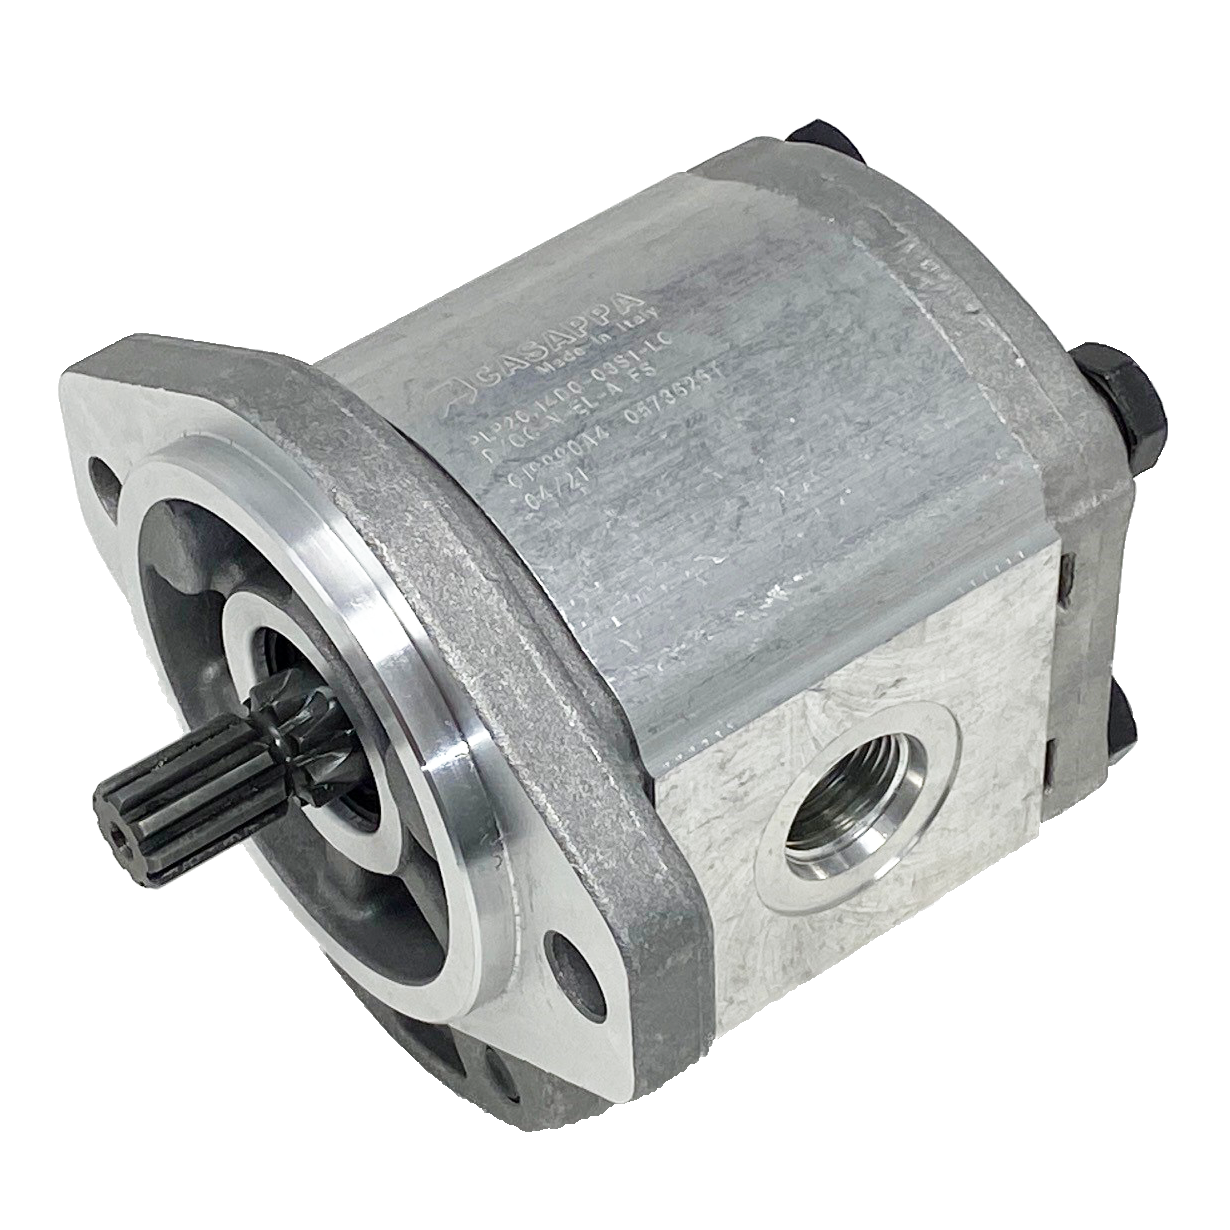 PLM20.16B0-03S1-LOC/OD-N-EL : Casappa Polaris Gear Motor, 16.85cc, 3625psi Rated, 3000RPM, Reversible Interior Drain, 9T 16/32dp Shaft, SAE A 2-Bolt Flange, 0.625 (5/8") #10 SAE Inlet, 0.75 (3/4") #12 SAE Outlet, Aluminum Body & Flange
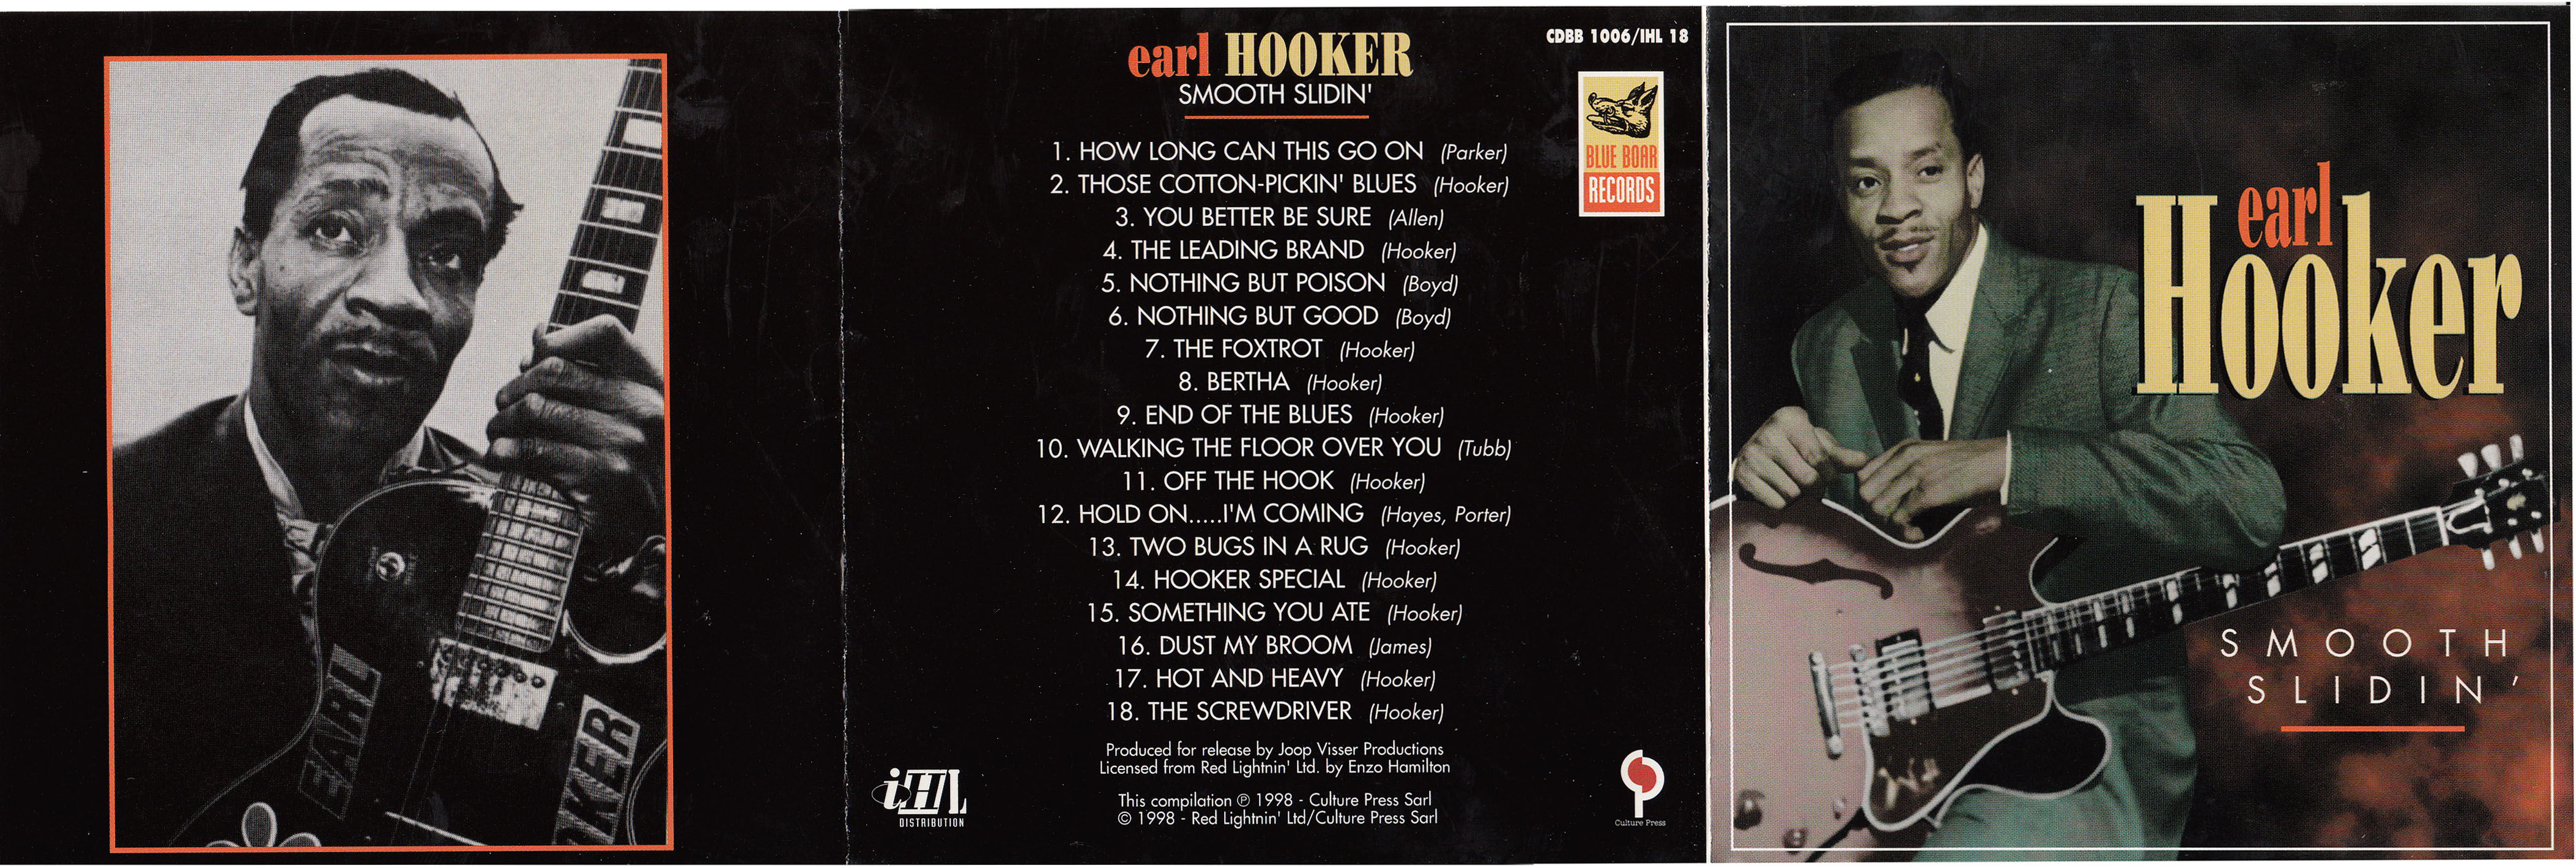 Earl Hooker - 1998 - Smooth Slidin'
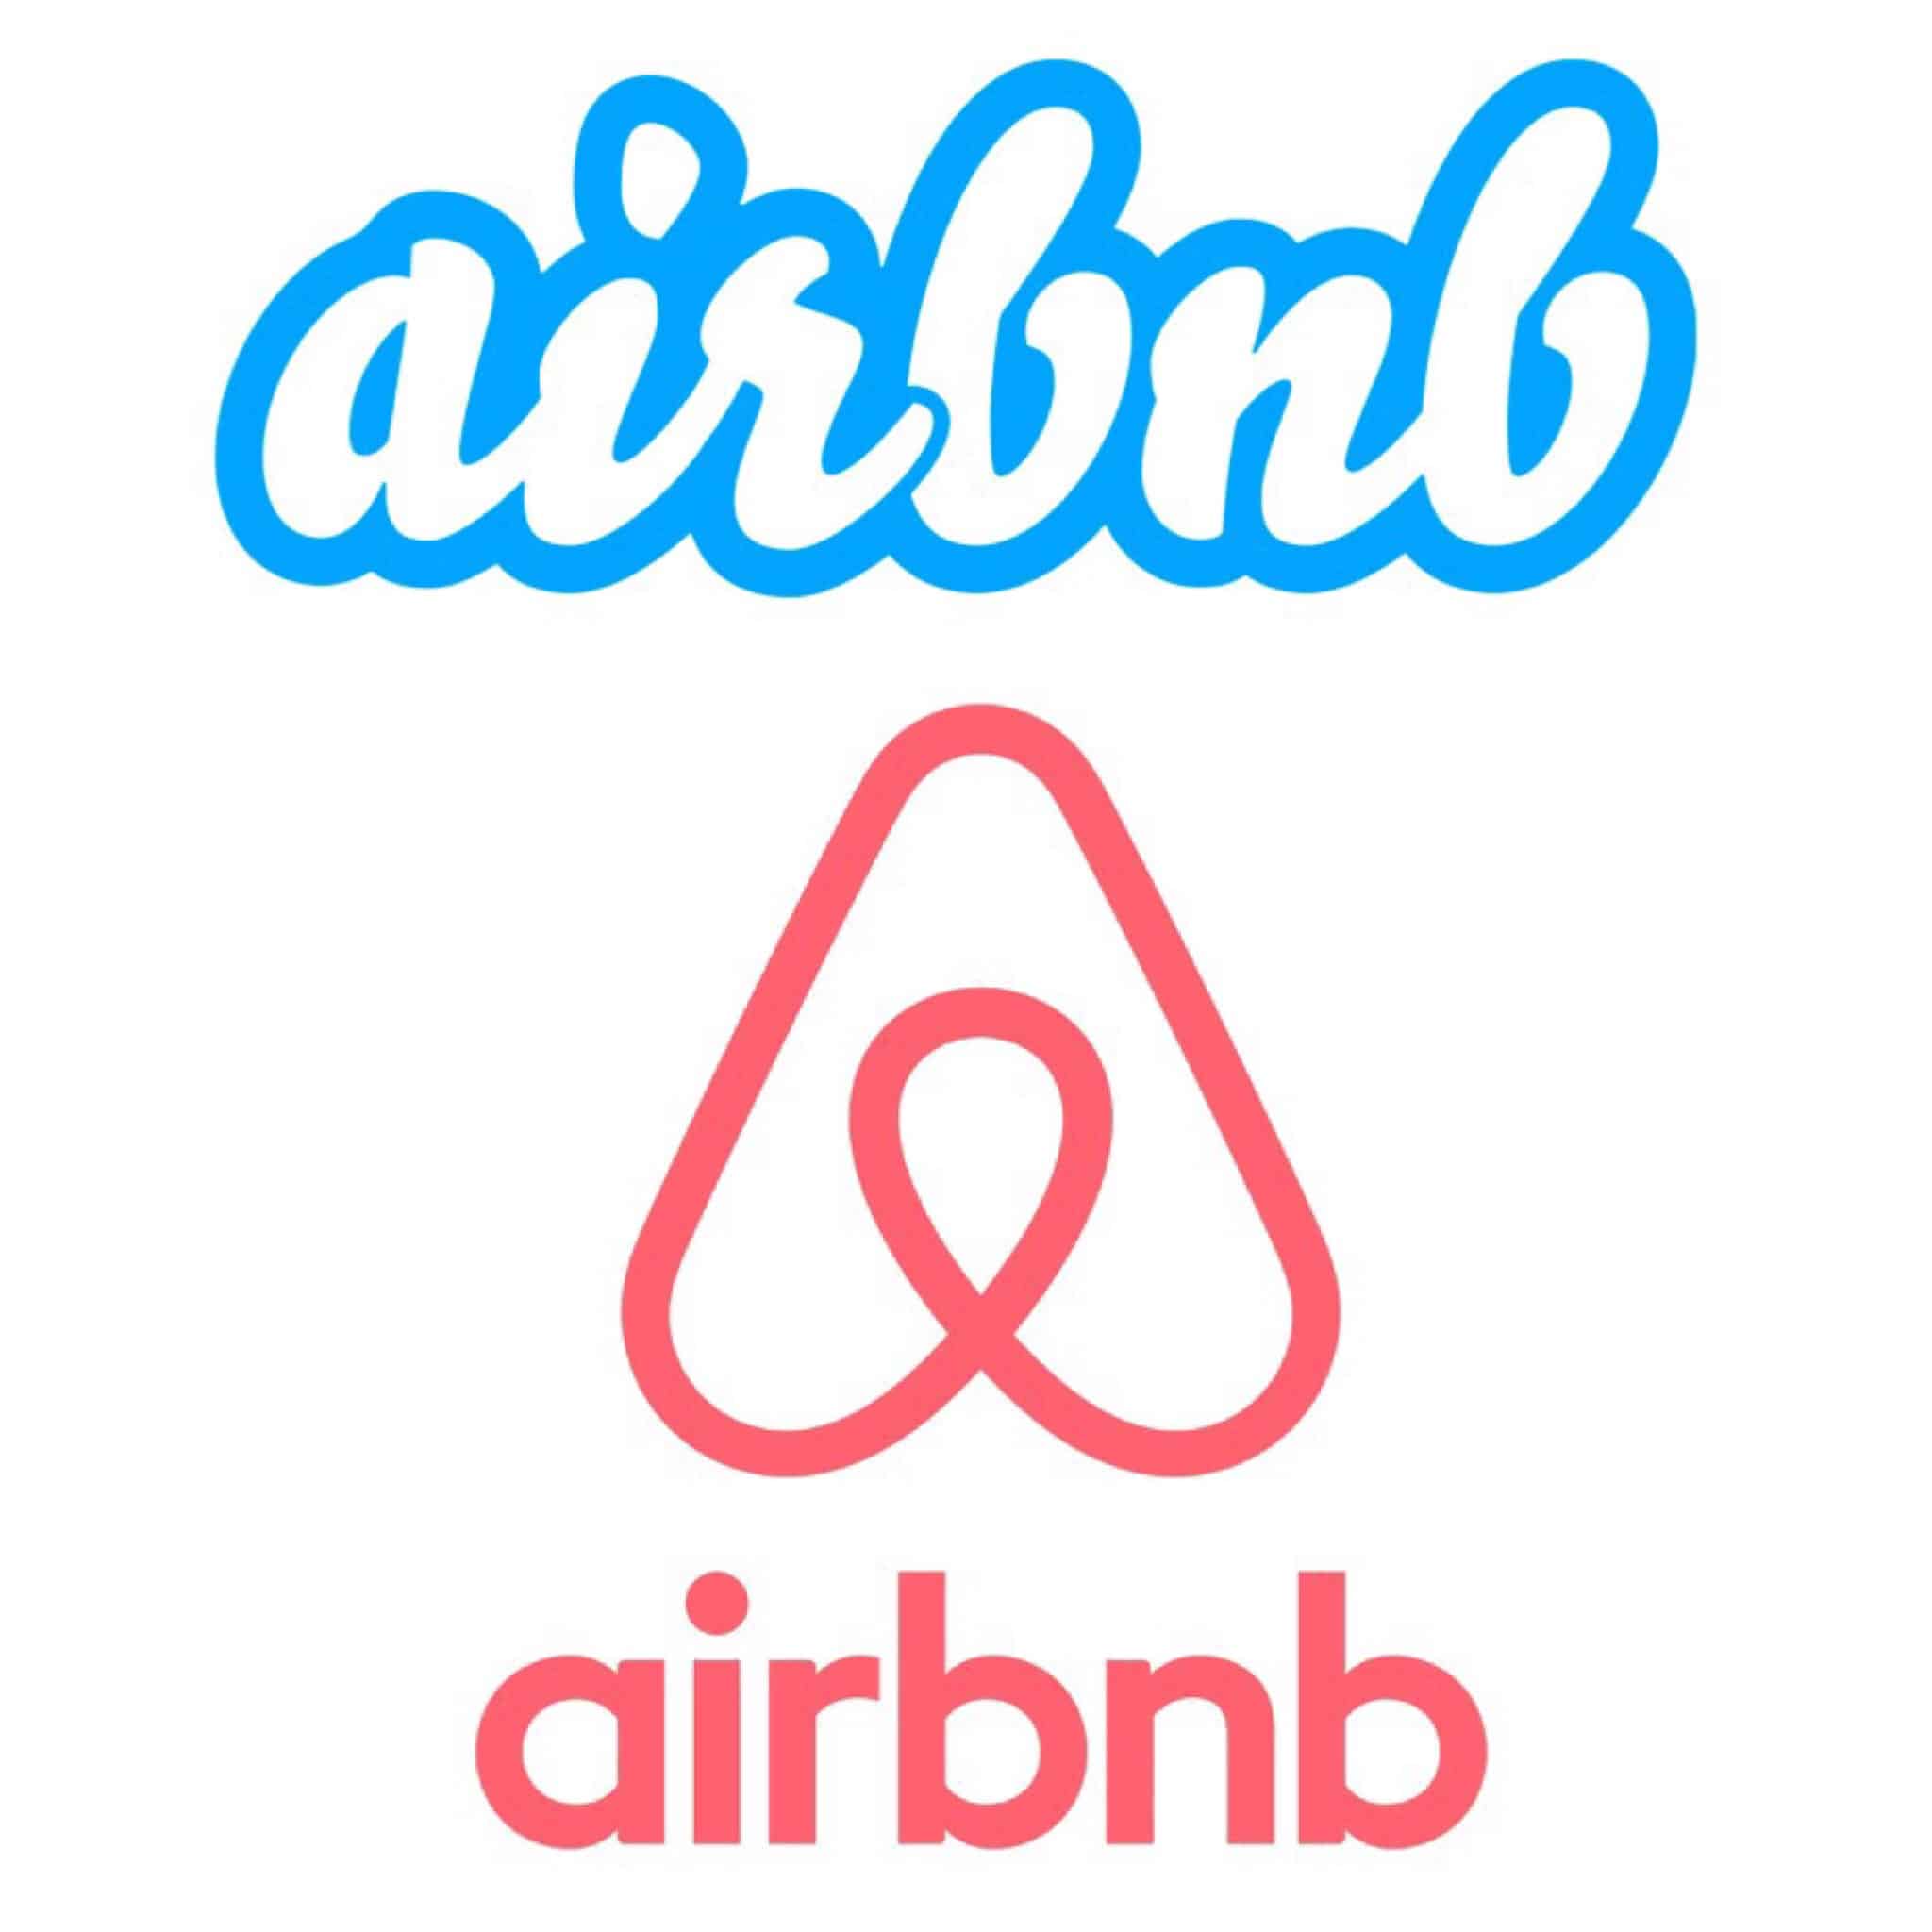 Airbnb logos
:::
**PROBLEM:** Copy the listing exactly. Any image in it stays out of the copy.

**SOLUTION TO THIS EXERCISE:**
 PLM20.16B0-03S1-LOC/OD-N-EL : Casappa Polaris Gear Motor, 16.85cc, 3625psi Rated, 3000RPM, Reversible Interior Drain, 9T 16/32dp Shaft, SAE A 2-Bolt Flange, 0.625 (5/8") #10 SAE Inlet, 0.75 (3/4") #12 SAE Outlet, Aluminum Body & Flange
 Earl Hooker - 1998 - Smooth Slidin'
 Airbnb logos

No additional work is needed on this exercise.